Sudibyo Markus, who led Muhammadiyah’s health department at the time, said
there had never been any quid pro quo.
Meanwhile,
religious leaders affiliated with Nahdlatul Ulama, Muhammadiyah’s main rival,
criticized Muhammadiyah for supposedly bowing to Bloomberg’s money. But
Nahdlatul Ulama, which does not view smoking as forbidden in most
circumstances, receives funding from the foundation wing of Djarum, Indonesia’s
third-largest tobacco company.
The
group’s vice chairman, Maksum Mahfudh, said there was “no relationship
whatsoever” between the funding and its decision that it would not forbid
smoking. He added that moving “drastically” against tobacco would impoverish
the farmers and sellers who are “grass-roots people of N.U.”
For now,
the two sides appear to have fought to a draw.
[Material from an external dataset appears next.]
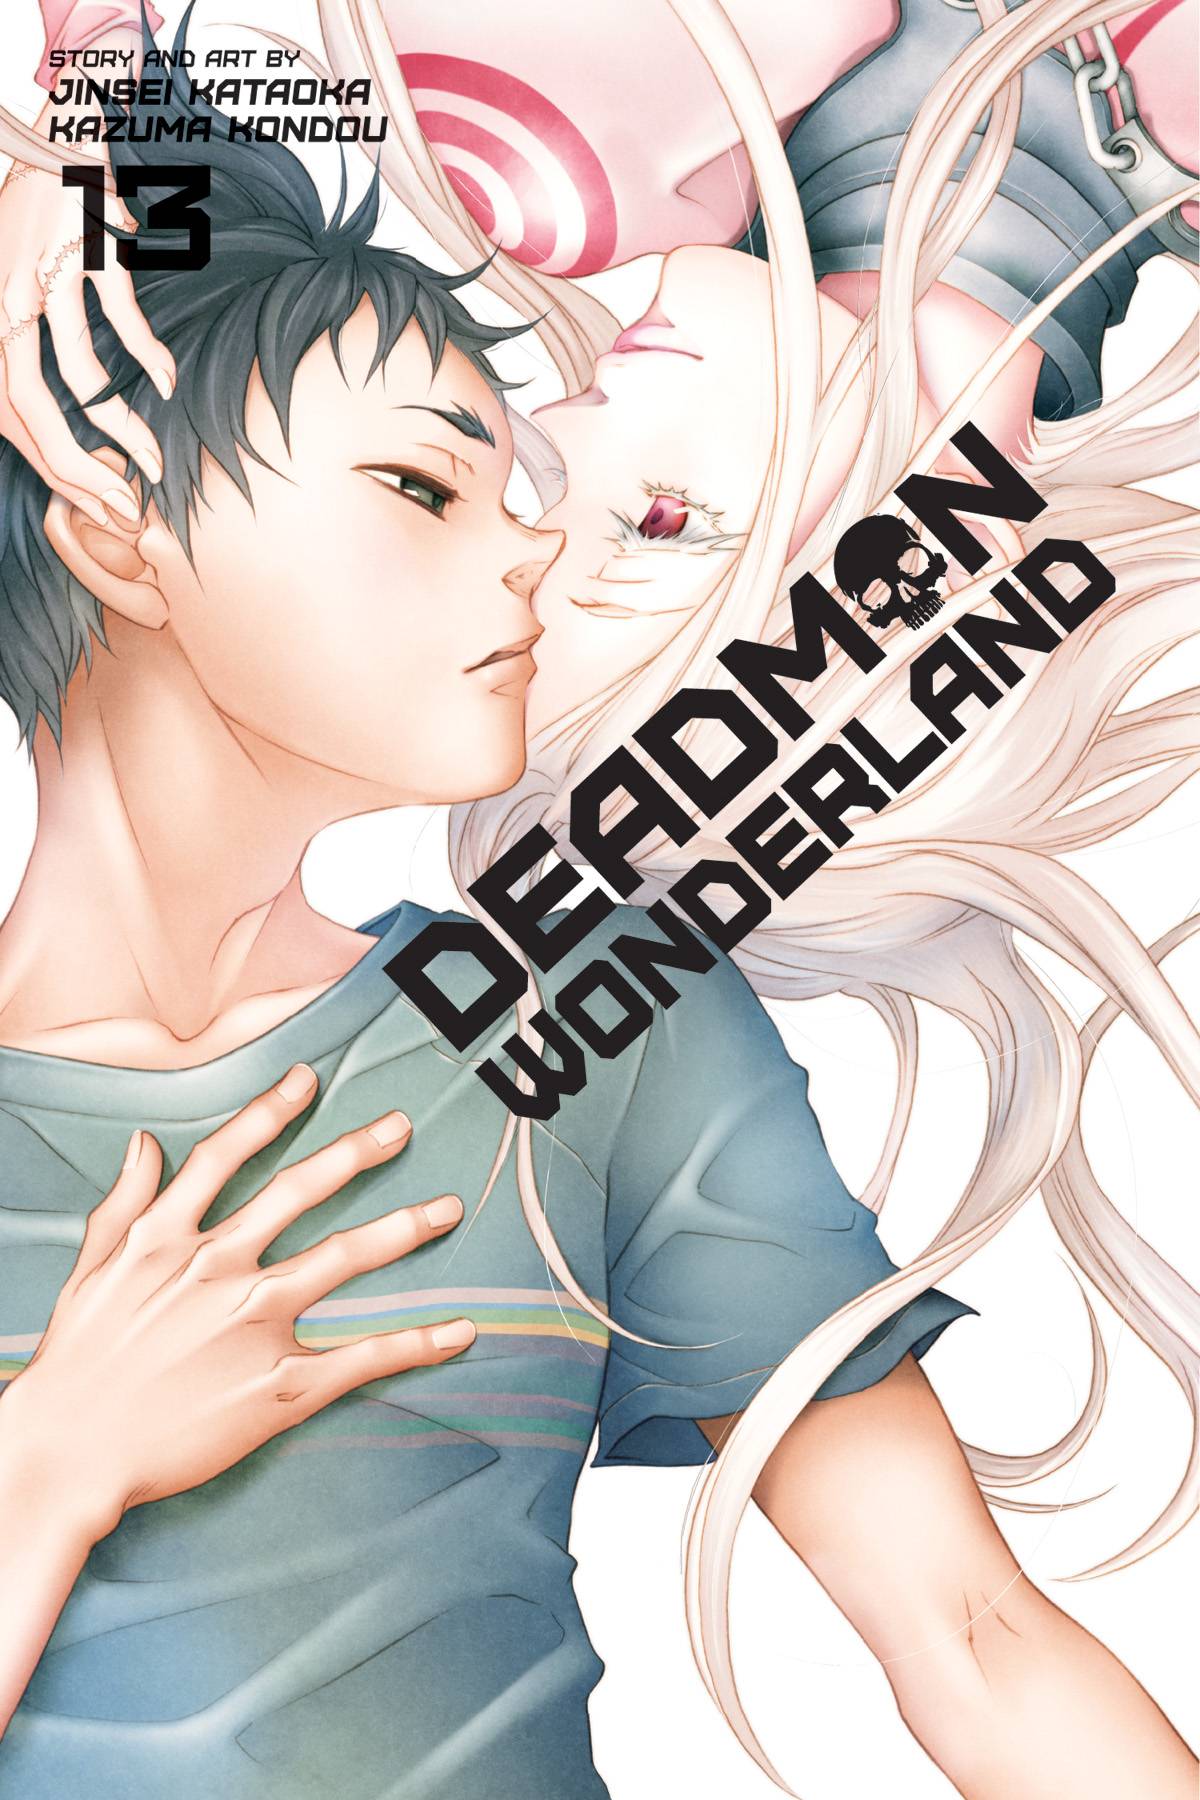 Deadman Wonderland Manga Volume 13

After steadily rising for a
decade, the smoking rate has plateaued, according to the Indonesian Family Life
Survey, funded by the United States National Institutes of Health, that was
released in April.
Still,
Philip Morris International remains optimistic about Indonesia. In a February
conference call with investors, André Calantzopoulos, the chief executive
officer, said Indonesia remained a good bet.
“We
remain optimistic about the profit growth opportunities in this key market
thanks to its growing adult population and rising income levels,” he told them.